§ **INFORMATION PROVIDED**:
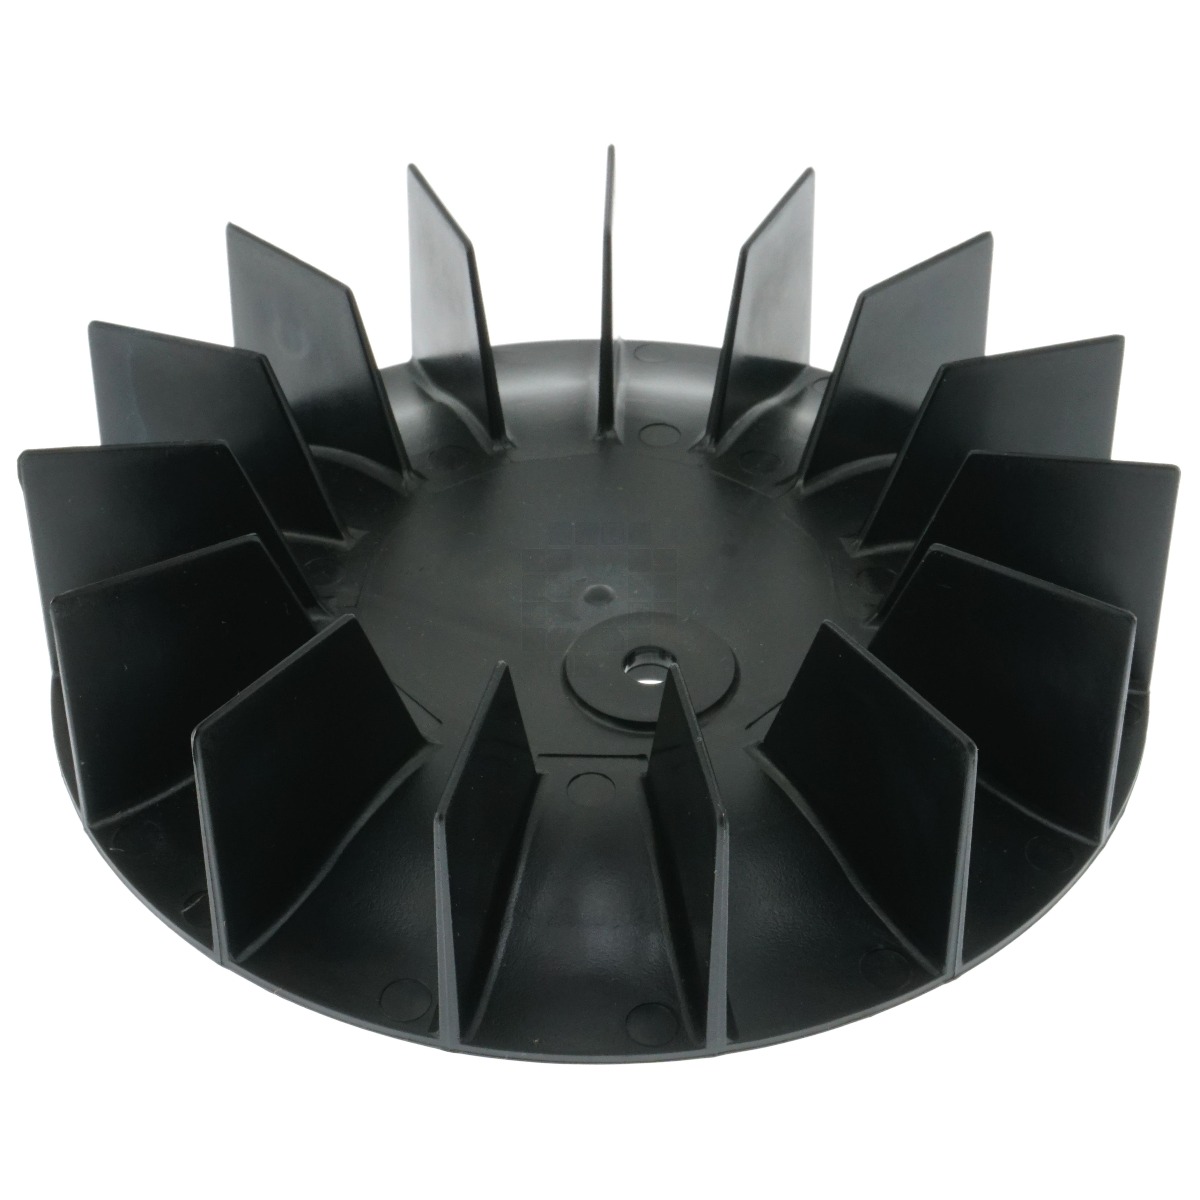 Porter-Cable, Devilbiss AC-0108 Plastic Fan, 5.75" Diameter
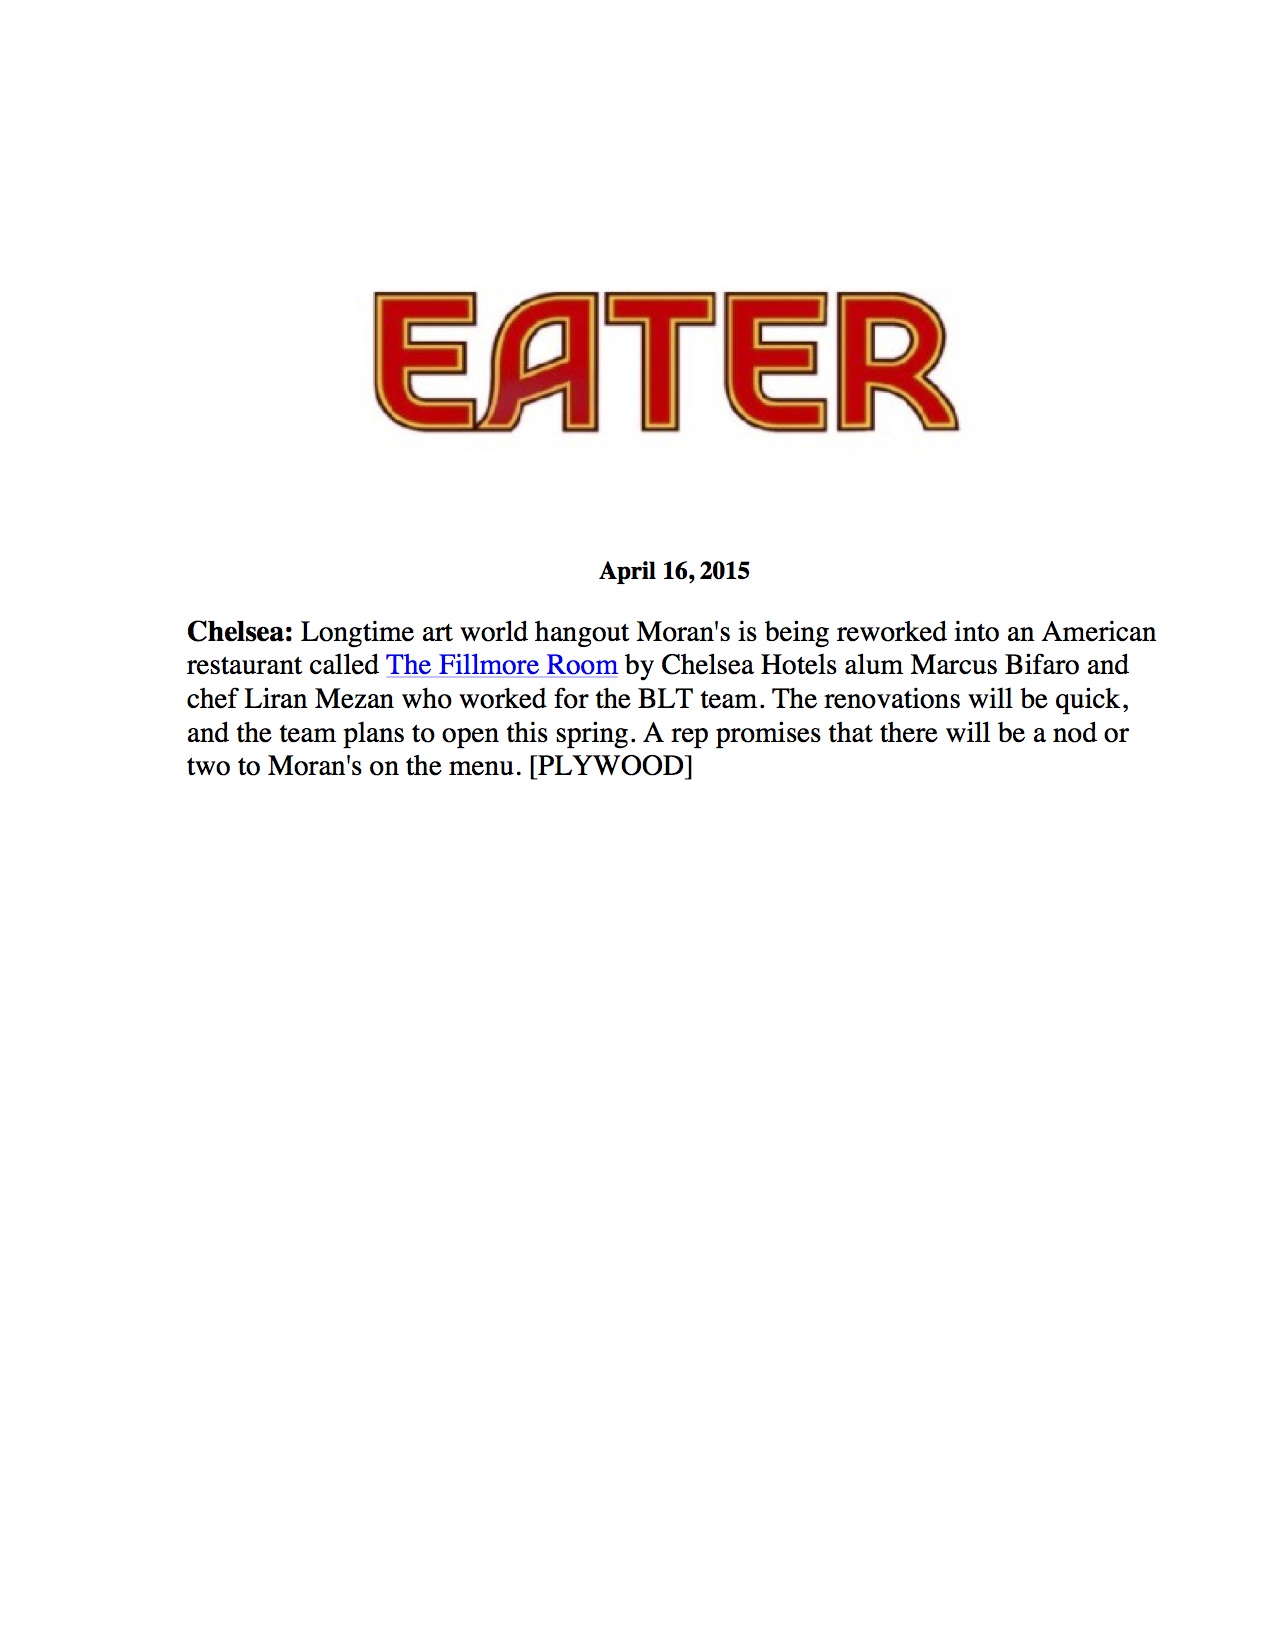 TFR - Eater - 4.16.15.jpg
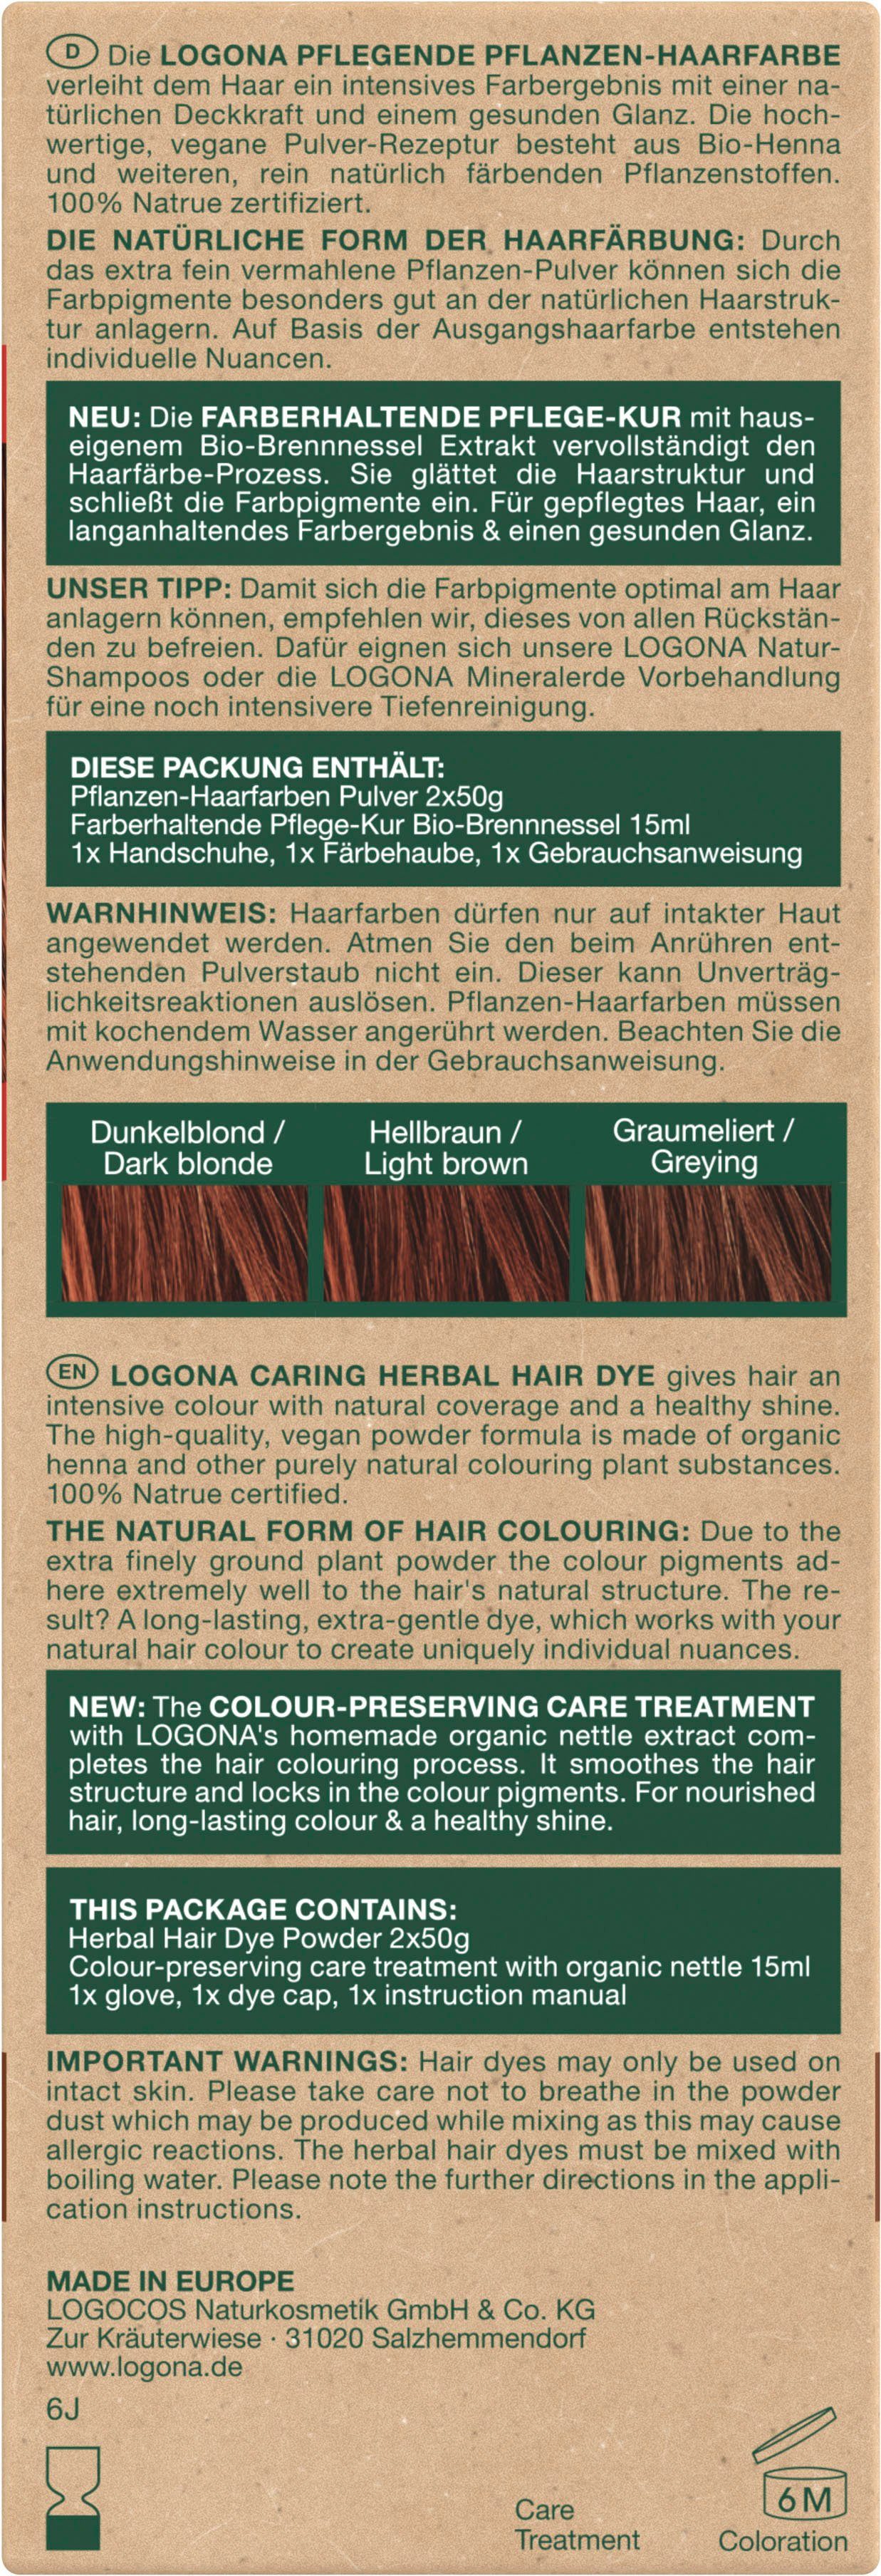 LOGONA Haarfarbe Pflanzen-Haarfarbe 05 Mahagonirot Pulver
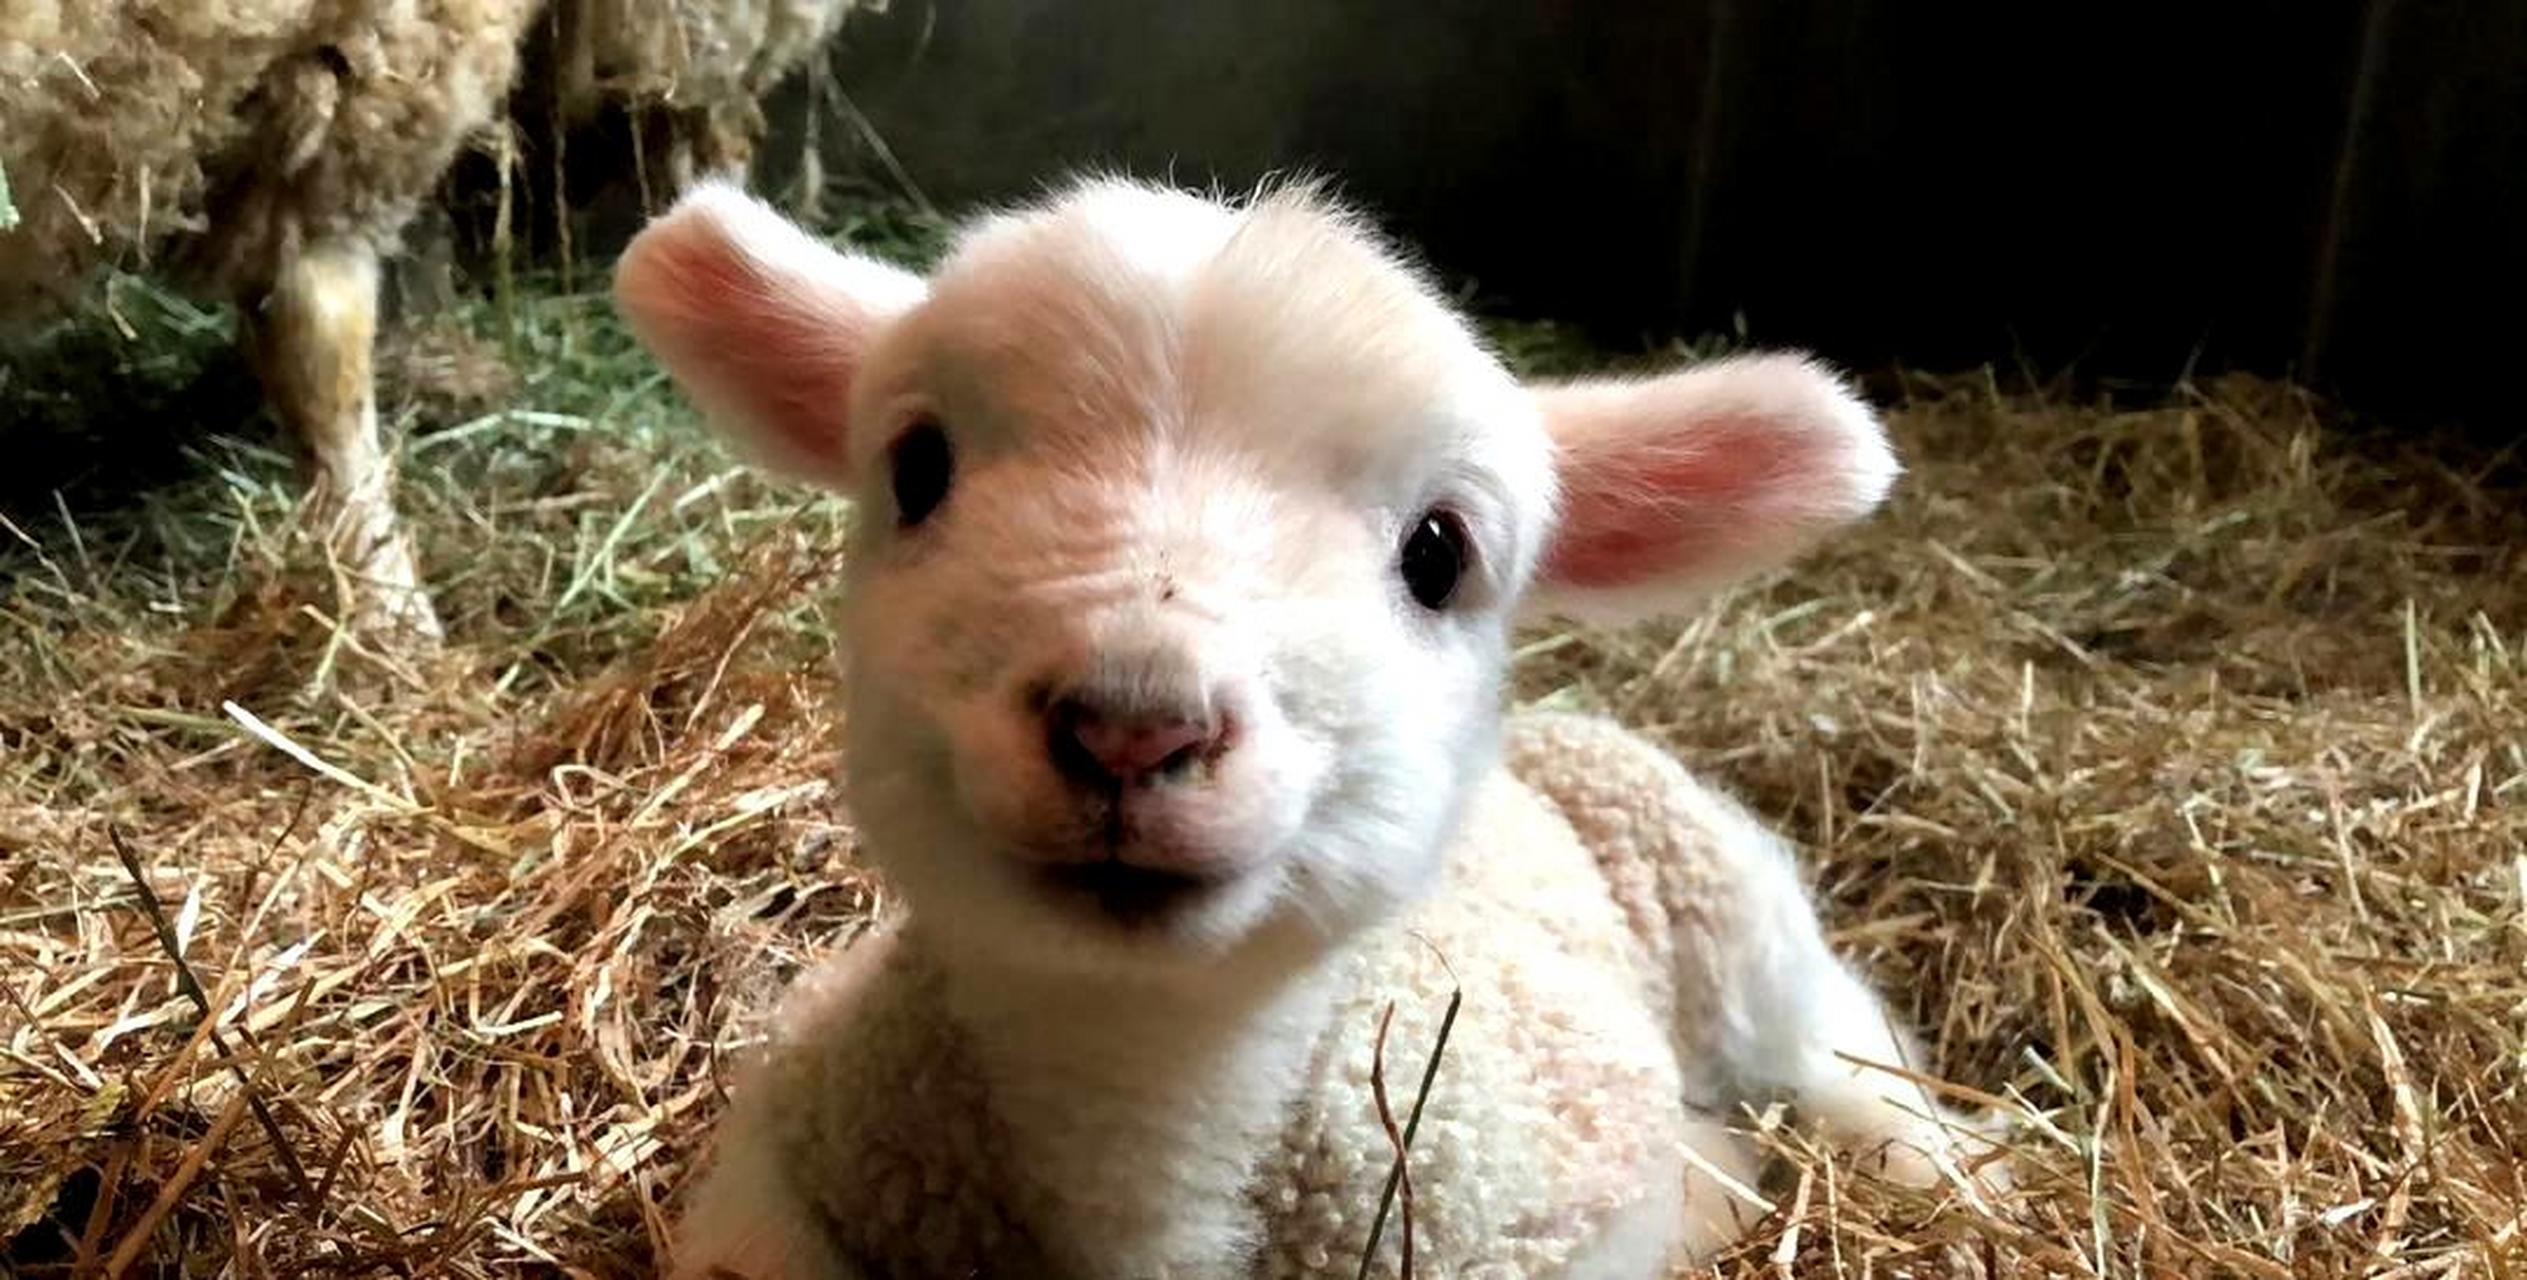 这只刚出生的小羊,像个毛绒玩具一样,太可爱了.

§ **EXERCISE OBJECTIVE**: Leave out all pictures, then copy the remaining material exactly.

§ **RESPONSE FOR THIS EXERCISE**:
 Porter-Cable, Devilbiss AC-0108 Plastic Fan, 5.75" Diameter
 TFR - Eater - 4.16.15.jpg
 LOGONA Haarfarbe Pflanzen-Haarfarbe 05 Mahagonirot Pulver
 这只刚出生的小羊,像个毛绒玩具一样,太可爱了.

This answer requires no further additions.